A pet peeve, pet aversion, or pet hate is a minor annoyance that an individual finds particularly irritating to them, to a greater degree than would be expected based on the experience of others.

Origin of the concept
The noun peeve, meaning an annoyance, is believed to have originated in the United States early in the twentieth century, derived by back-formation from the adjective peevish, meaning "ornery or ill-tempered", which dates from the late 14th-century.

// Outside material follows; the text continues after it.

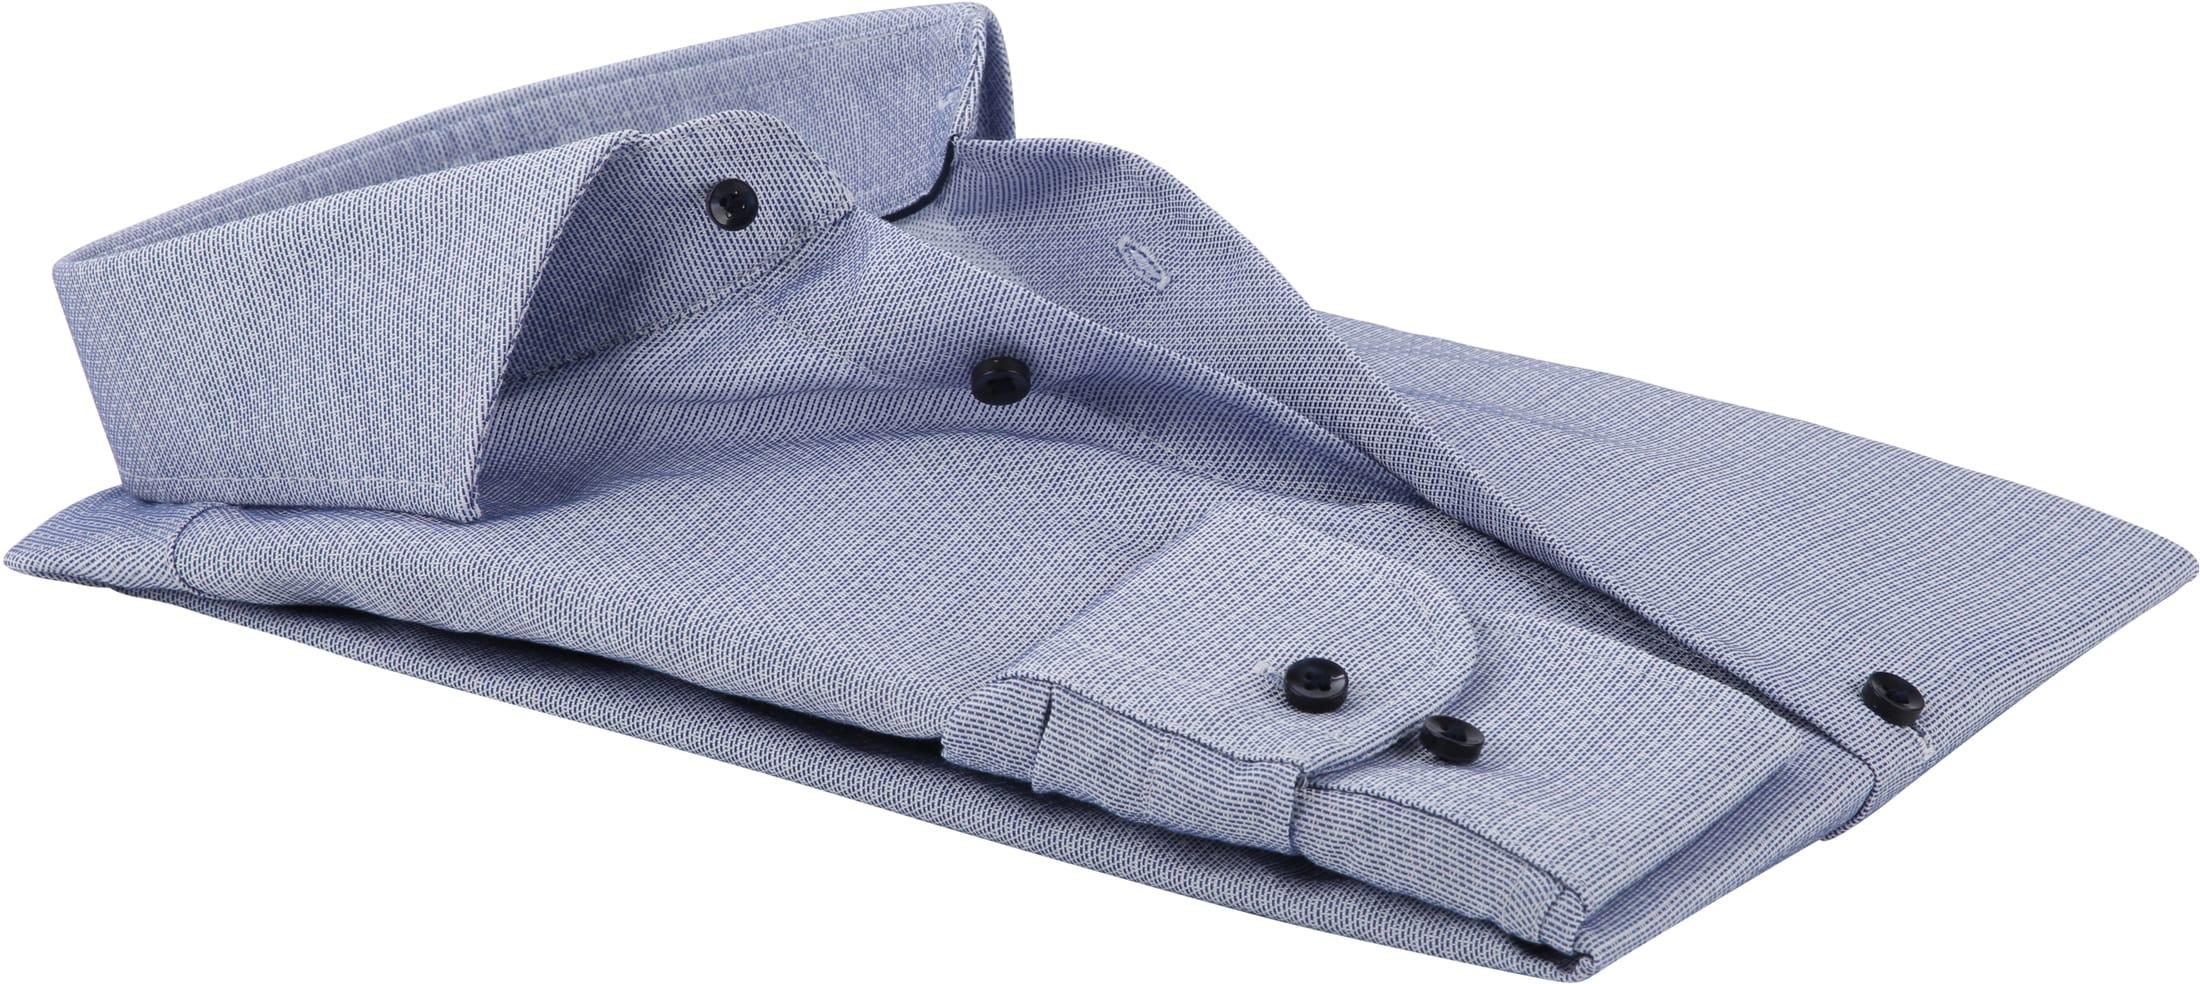 Profuomo Shirt Dobby Blue foto 2
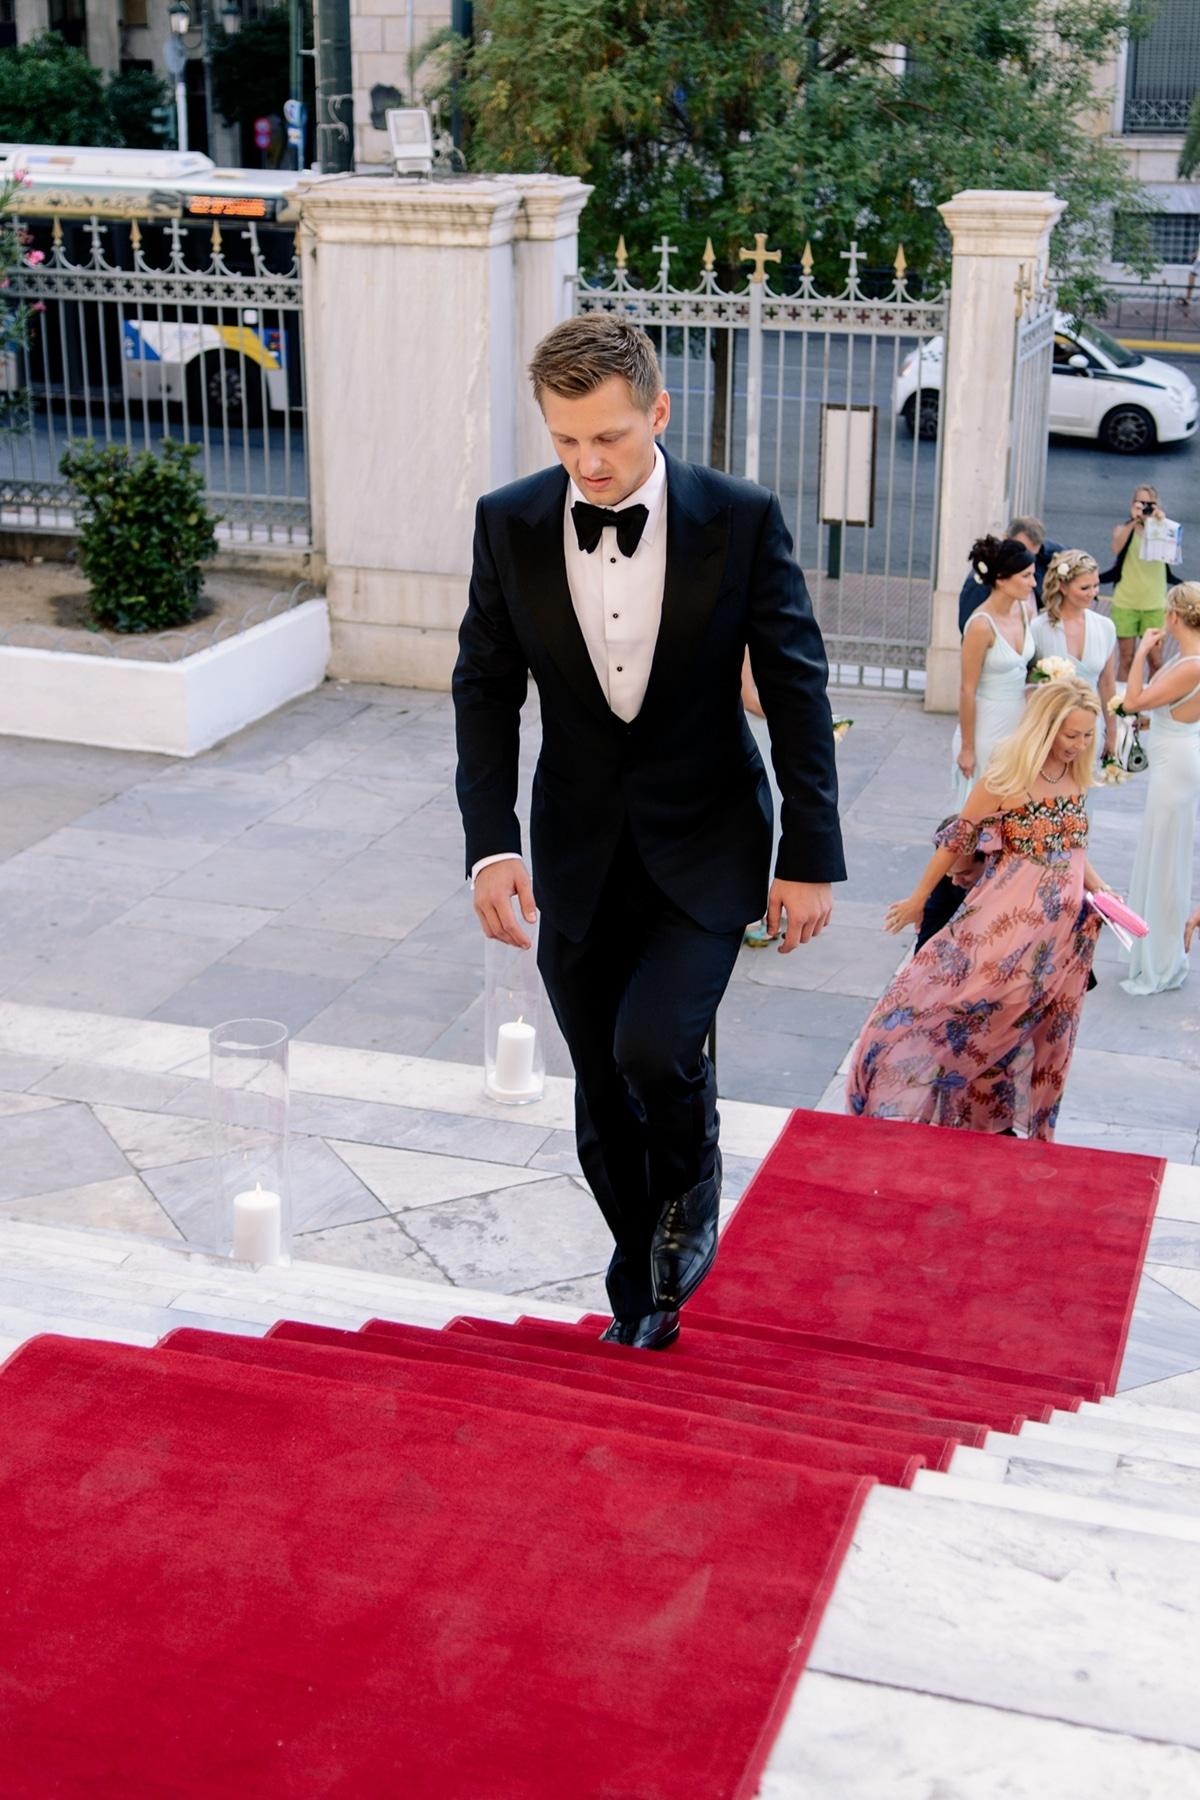 37424f16f19a Γκρι κοστούμι για το γαμπρό. Ρομαντικός elegant σικ γάμος στην Αθήνα

The term pet peeve was introduced to a wide readership in the single-panel comic strip The Little Pet Peeve in the Chicago Tribune during the period 1916–1920. The strip was created by cartoonist Frank King, who also created the long-running Gasoline Alley strip. King's "little pet peeves" were humorous critiques of generally thoughtless behaviors and nuisance frustrations. Examples included people reading the inter-titles in silent films aloud, cracking an egg only to smell that it's gone rotten, back-seat drivers, and rugs that keep catching the bottom of the door and bunching up. King's readers submitted topics, including theater goers who unwrap candy in crinkly paper during a live performance, and (from a 12 year old boy) having his mother come in to sweep when he has the pieces of a building toy spread out on the floor.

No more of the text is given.